My favorite time of year begins at the start of football season, and it’s not just because I love a good game of football. It’s everything else, too: the cooler weather (even though just today the temperature around here got up to over 70 degrees before plummeting into the 20s), the holiday decorations, the family gatherings, the comfort food, the turning leaves, the breaks from work. This final week before Christmas, though, has always been bitter-sweet for me because, although I’m excited about Christmas Day, I also know that that day signifies the end of my favorite season. And yeah, there’s New Years Day and Día de los Reyes and even the Superbowl, but those are just after-thoughts to me. They’re just there to soften the blow when you’re hit by the harsh realization that next Christmas is a whole entire year away.
The past few days leading up to this final week have been interesting. So many things going on, so many emotions. Feeling blessed one second and guilty the next. Thankful for living conditions in which my loved ones and I are safe, healthy, well-nourished, and comfortable every day, and at the same time heartbroken for those who have nothing left. I’m worried about the future in a way I’ve never really been, and everything just seems to be tinged with negative thoughts. I’m still hopeful, but less so, you know? Like there’s just a shadow of a doubt hovering over everything, and maybe that’s the way it ought to have been all along, I don’t know.
I came to another realization this week. You know how when you start dating someone, or even when you just meet someone as a friend, and you start to get to know them and you think they’re freaking amazing at first–like everything they say and do is so fantastic, so witty, so creative, whatever–but then, over time you inevitably begin to see their faults and their flaws, and for a moment you’re disappointed, maybe angry, maybe sad, or at least your expectations are shattered… and it’s not their fault–it’s yours for having had such high expectations of them–but it still hurts? Well, this week I discovered that the same thing happens between parents and their kids. There comes a time when, as a son or daughter, you suddenly look at your mother or your father and see not a mother or a father but just an ordinary person. Not an all-knowing superhero with the power to make everything better, but just a less than perfect human being. You begin to see flaws you hadn’t seen before, and it’s uncomfortable, unsettling, even scary in a way.

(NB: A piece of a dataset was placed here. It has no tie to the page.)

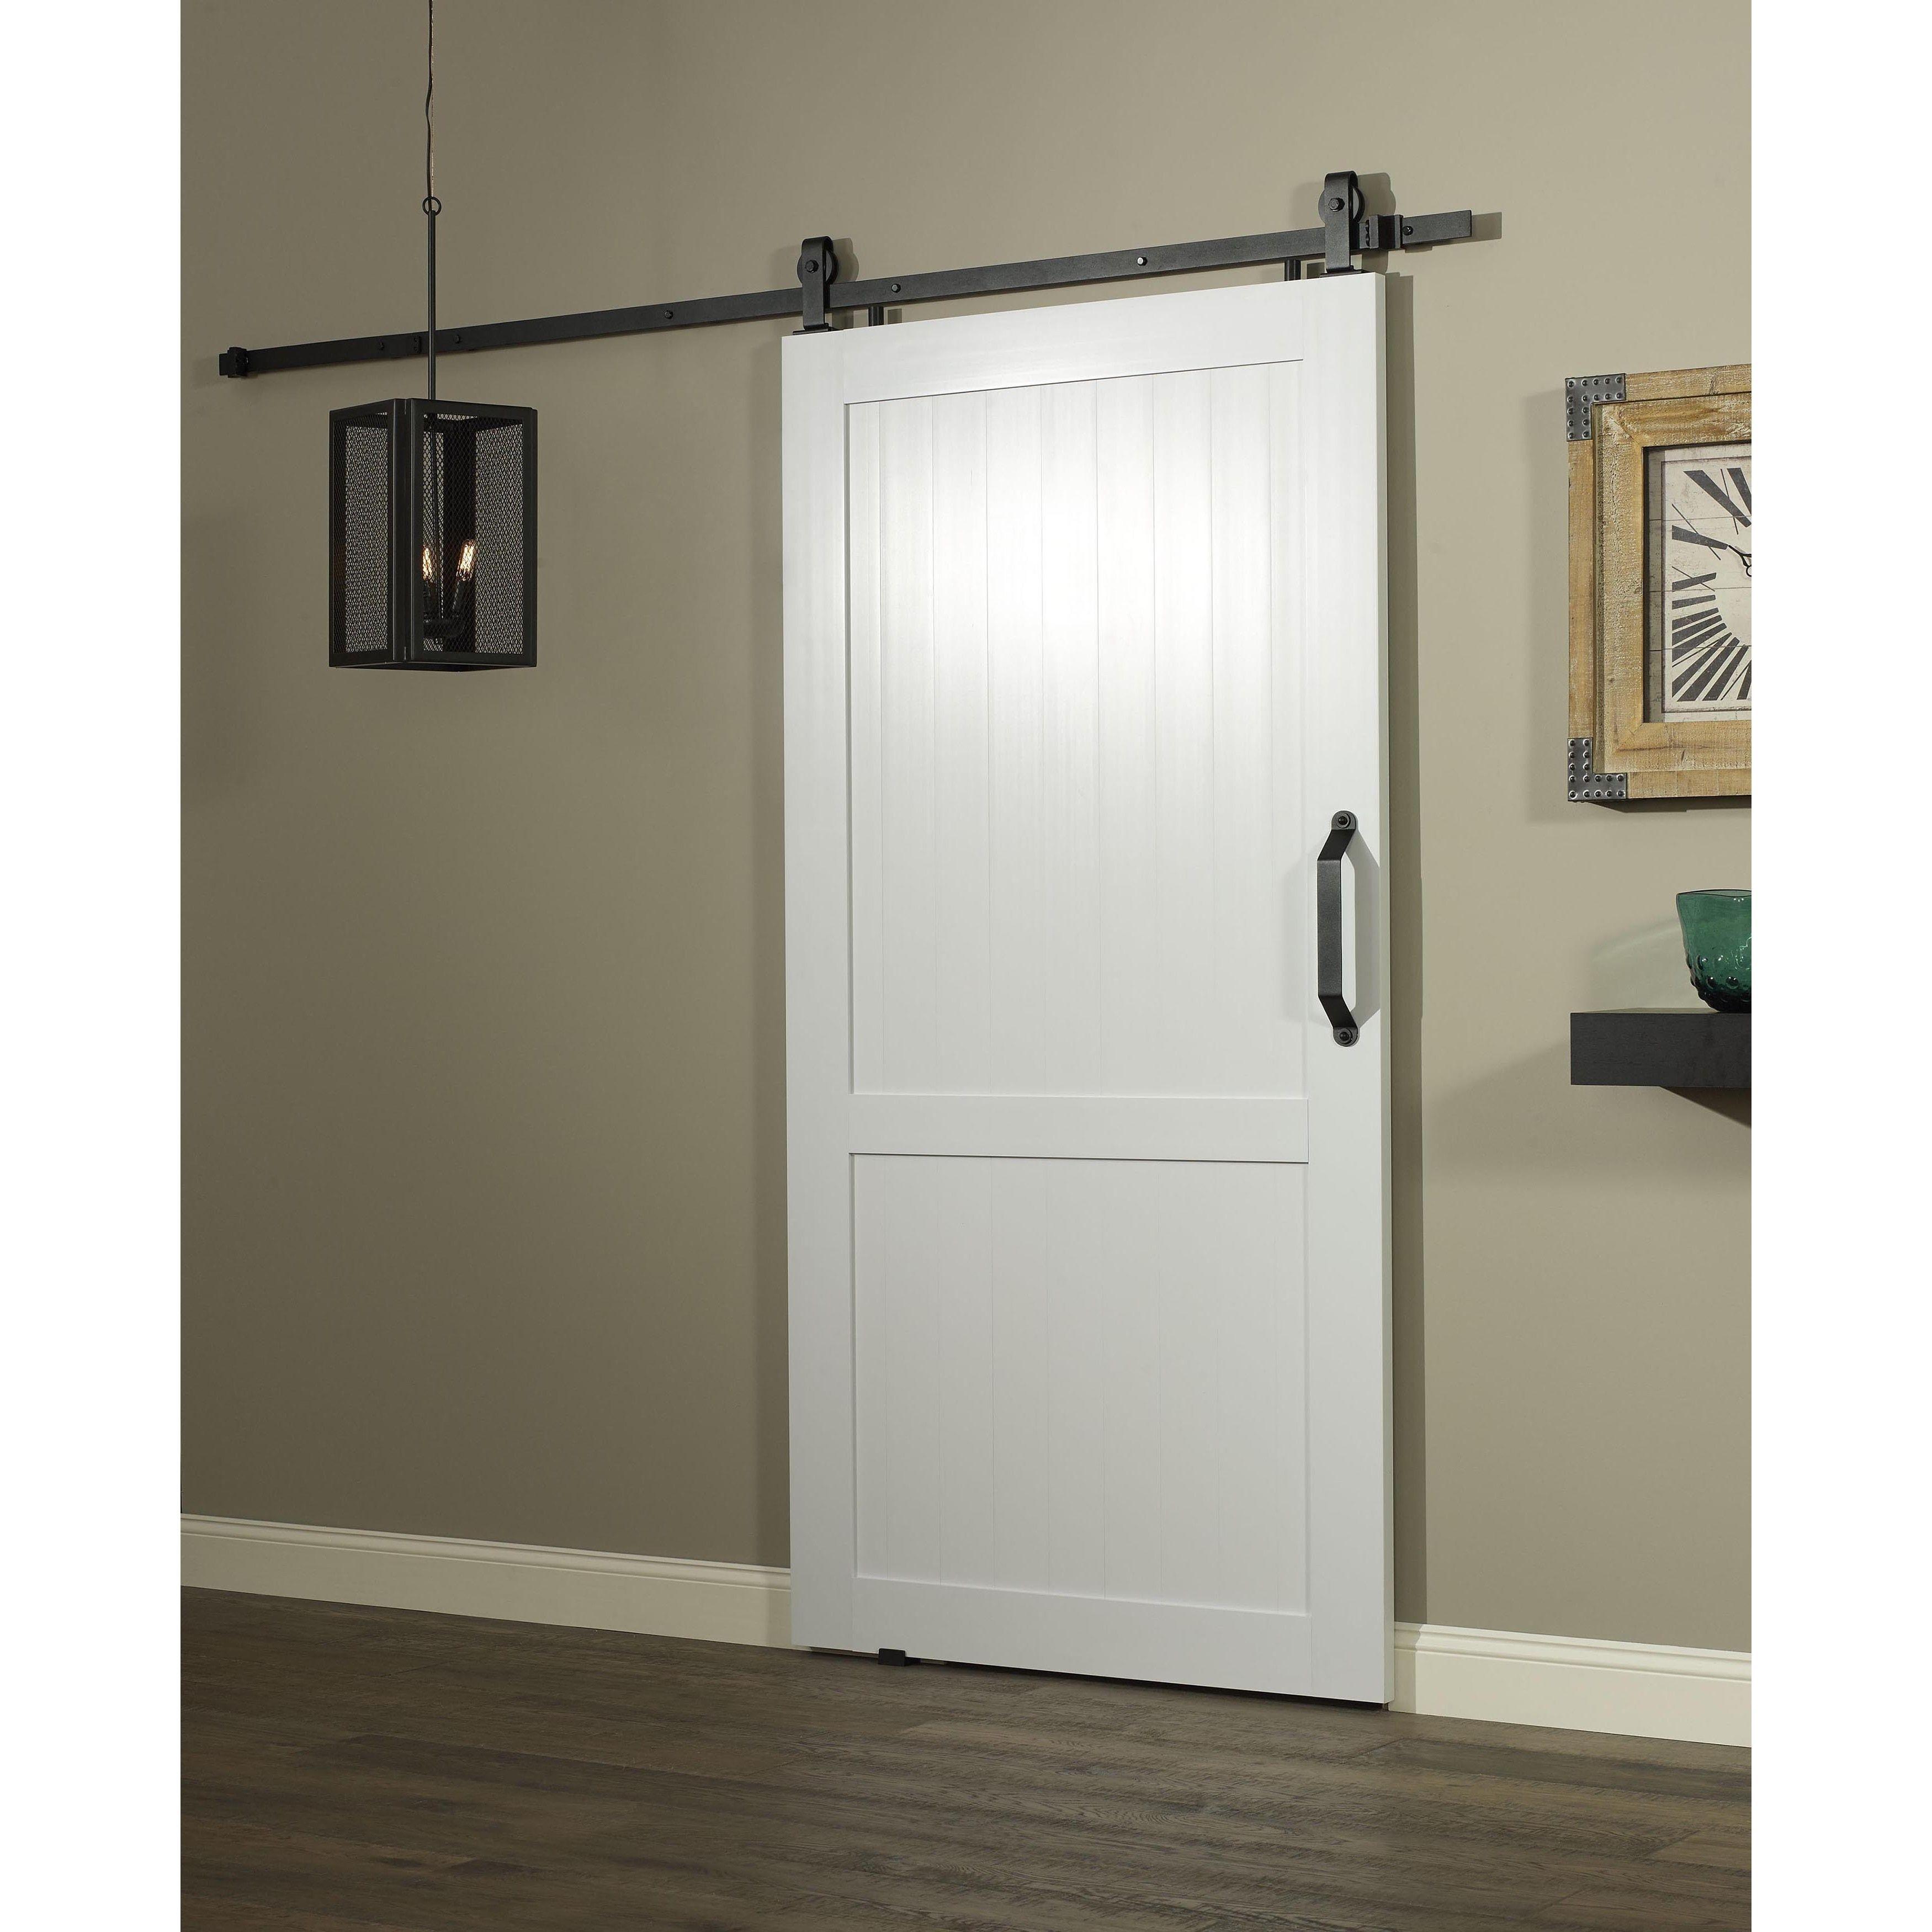 Overstock Com Online Shopping Bedding Furniture Electronics Jewelry Clothing More Wood Doors Interior Sliding Barn Door Hardware Sliding Doors Interior

Yeah. I think my kids have reached that stage. I’m starting to lose my super powers, and it sucks. I know it’s okay. It happens to everyone, I guess, but that doesn’t make it hurt any less. It’s like they’re seeing for the first time that Wonder Woman’s powers were only special effects, that her Lasso of Truth was just a regular rope and that her invisible plane was nothing but air. I know it’s important for them to see that I am just an ordinary, imperfect person with faults and flaws aplenty, but at the same time a part of me feels as if I’m letting them down.
I guess this is what happens when your kids start to grow up. Pretty soon their childhood will be gone altogether, and all I will have left are my memories of the time when they thought I was as close to perfect as I could possibly be. Sigh… but it’ll be okay. It’s just another season, right? And there will always be something to celebrate, like leaves sprouting and birds chirping happily in the spring. Besides, they still love me, and honestly I should be grateful because instead of loving a fictional Hollywood character, they are beginning to love the Lynda Carter in me. I can live with that.